Issue (i): whether the allotment of shares was invalid for non-compliance with the requirement of payment of at least five per cent of the share money.
Analysis: The evidence was accepted that the appellant had paid Rs. 250 with the application, and that amount represented the requisite five per cent of the share money. The statutory condition governing allotment was therefore satisfied.
Conclusion: The allotment was valid and the objection under section 101 of the Indian Companies Act, 1913 failed against the appellant.
Issue (ii): whether inclusion of time-barred calls in the notice of forfeiture invalidated the forfeiture and whether the company could rely on the forfeiture clause for recovery of the amounts due.
Analysis: The Court held that under section 28 of the Limitation Act, 1908 the expiry of limitation barred the remedy but did not extinguish the underlying right in a case of this nature. The unpaid calls remained debts, and the company could validly forfeit the shares and sue upon the fresh contractual liability created by the forfeiture clause. The forfeiture clause in the articles was treated as effective, not penal, and capable of supporting recovery even in respect of dues that had become time-barred for direct enforcement.
Conclusion: The forfeiture was not invalid on account of the inclusion of time-barred calls, and the appellant remained liable to pay.
Issue (iii): whether the resolution of forfeiture passed by a committee of directors was invalid.
Analysis: The articles permitted delegation of directors' powers to a committee, and that arrangement was consistent with paragraph 91 of Table A of Schedule I to the Indian Companies Act, 1913. On that basis, the committee was competent to pass the forfeiture resolution.
Conclusion: The resolution of forfeiture was valid and the objection against it failed.
Issue (iv): whether the appellant could resist liability on the ground that the forfeiture clause was penal in character.
Analysis: The Court held that the Companies Act recognised forfeiture clauses of this kind and that no authority was shown to support the contention that such a clause offended the law merely because it operated on default. The clause created a contractual liability following forfeiture.
Conclusion: The contention based on section 74 of the Indian Contract Act failed.

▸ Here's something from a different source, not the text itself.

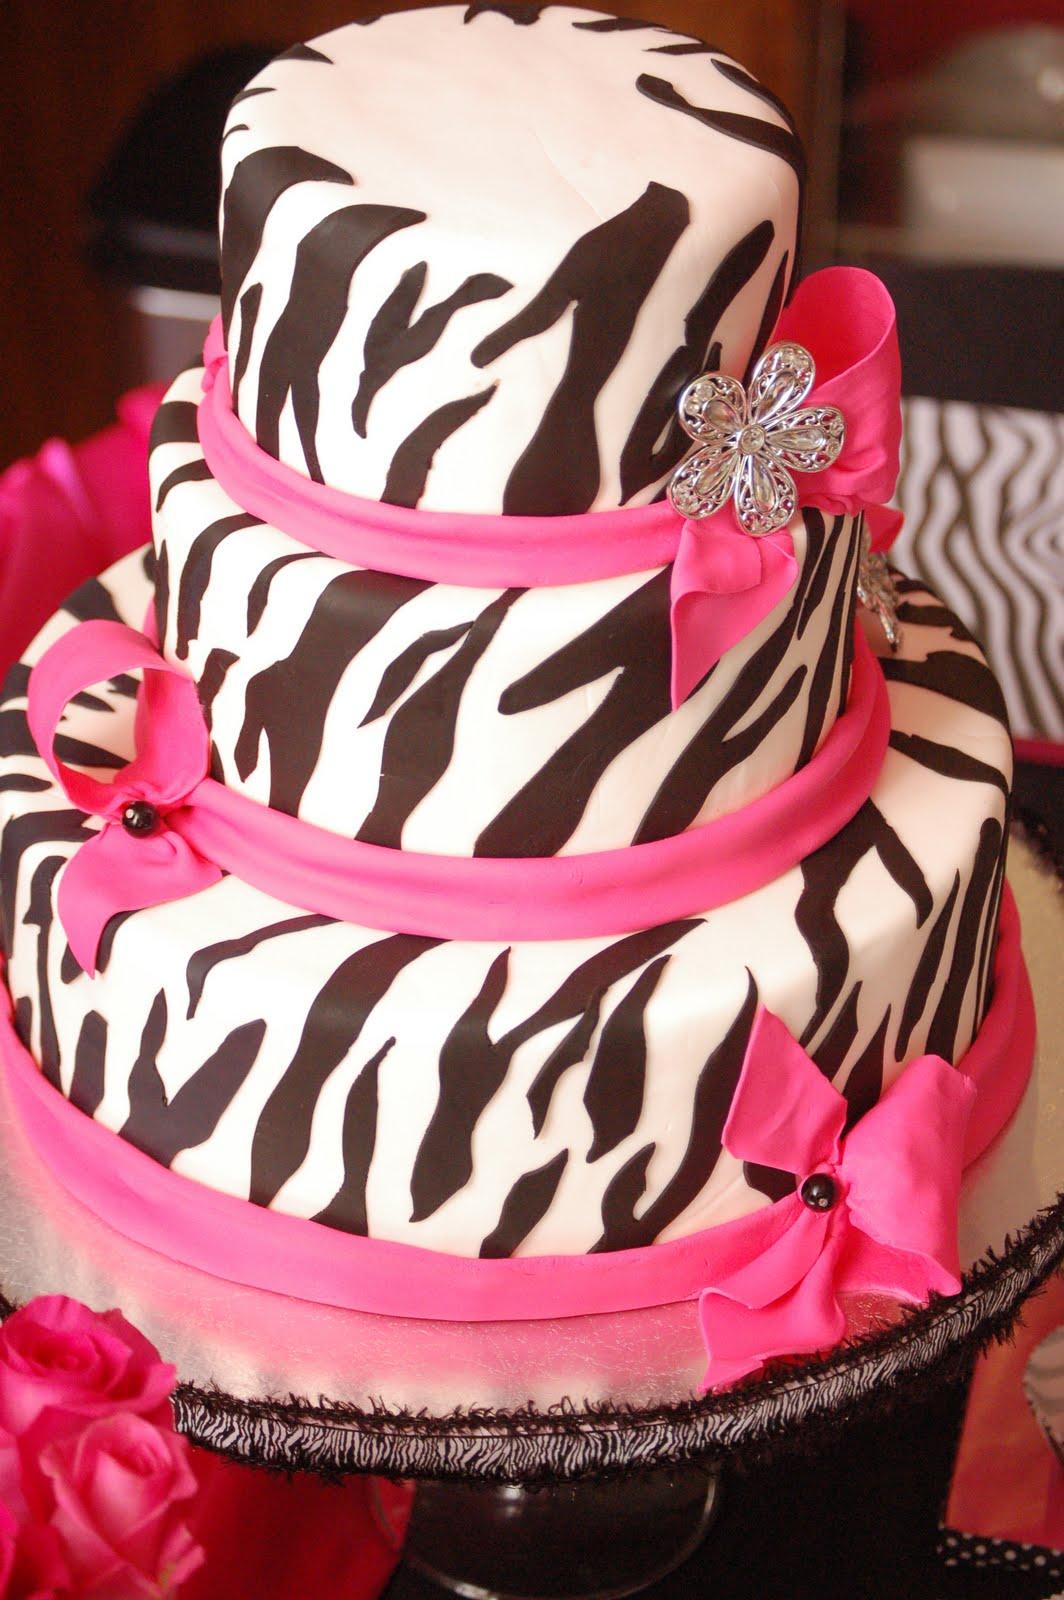 Cake Art Divas : Cakes by Tatiana: Diva Zebra Cake

Final Conclusion: The decree in favour of the company was upheld, and the appeal was dismissed with costs because the allotment, forfeiture, and resulting liability were all sustained in law.
Ratio Decidendi: Where the underlying default remains a subsisting debt, limitation may bar the remedy for direct enforcement without extinguishing the right, and a valid forfeiture clause in the articles may create a fresh enforceable liability upon forfeiture.